Idea

One way of sorting a list is that we iterate through the list, and for every iteration, we pick out the least item and move it to the front.

Suppose below is the list that we want to sort.

1 9 7 5 4 6 8 10 3 2

Firstly, we find out the least item in the entire list through iteration. In this case, the least item is $1$, which happens to be the first item of the list. Hence, we leave it there.

Then, we start from the second item and try to find out the least item until the end of the list. In this case, the least item is $2$, which is the tenth item.
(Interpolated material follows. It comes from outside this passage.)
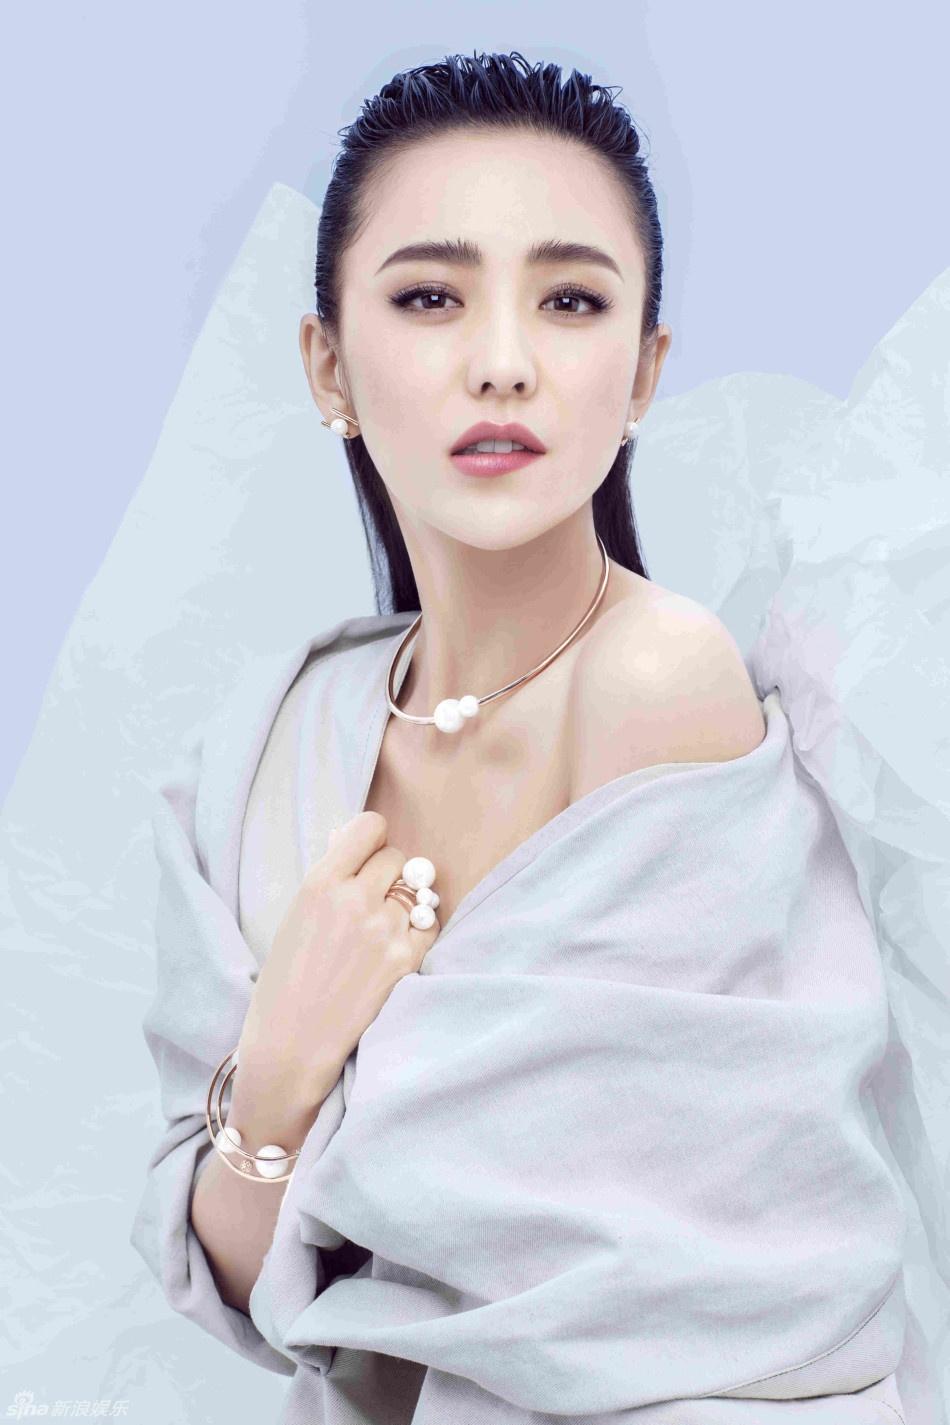 Dong Le A: Tuyet sac Trung Quoc vi sao chap nhan chong lien tuc co bo? hinh anh 2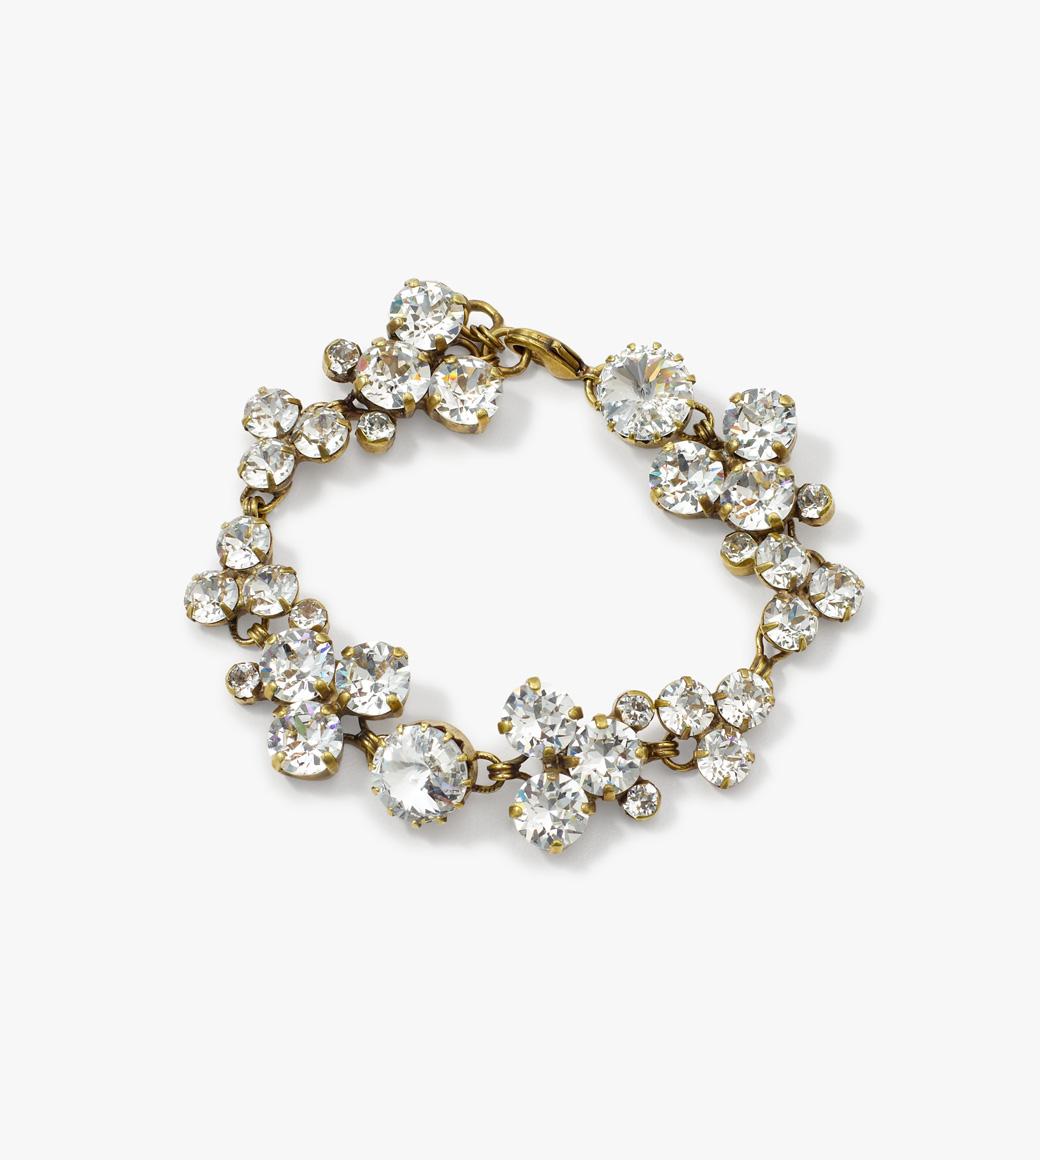 fashion jewelry ornate bracelets MVQAACV

Hence, we swap the second item with the tenth item. By now, the list should look like this.

1 2 7 5 4 6 8 10 3 9

Then, for the third round, we find the least item between the third item and the last item (inclusive of both ends). In this case, it is 3 and is the nineth item. Hence, we swap the third item with the nineth item. The list should now look like this:

1 2 3 5 4 6 8 10 7 9

For the fourth round, the list should look like this:

1 2 3 4 5 6 8 10 7 9

And the we should go on until the entirety of the list is sorted.

Code

Java Implementation

class SelectionSort {
	public void sort(int[] nums) {
        int length = nums.length; 
        for (int i = 0; i < length; i ++) {
			// 1
            int minIdx = i; 
			// 2
            for (int j = i; j < length; j ++) {
                if (nums[j] < nums[minIdx]) {
                    minIdx = j;
                }
            }
			// 3
            int tmp = nums[i];
            nums[i] = nums[minIdx];
            nums[minIdx] = tmp;
        }
    }
}
  1. we define a minIdx to denote the minimum value’s index;
  2. we loop through the list starting from the index i such that we won’t be messing with the first i-1 elements, which are already sorted;
  3. we swap the value at the minIdx and the i th value.

Complexity Analysis

Note that in the code above, there are two loops nested in each other. The first loop runs $n$ times, with $n$ being the size of the loop. The second loop runs $n-i$ times. Hence, the total times that the code would be run is:

$$ \begin{align*} &1+2+3+\cdots+n \
=&\dfrac{n(n+1)}{2}=O(n^{2}) \end{align*} $$

Note that for selection sort, $\Omega$ and $\Theta$ and $O$ are the same. I.e. they are all $n^{2}$ complexity. The reason for this is that for each loop, you’ll have to loop through the entirety of the remaining list to find out the minimum value. No matter what the list looks like, this complexity will not be altered.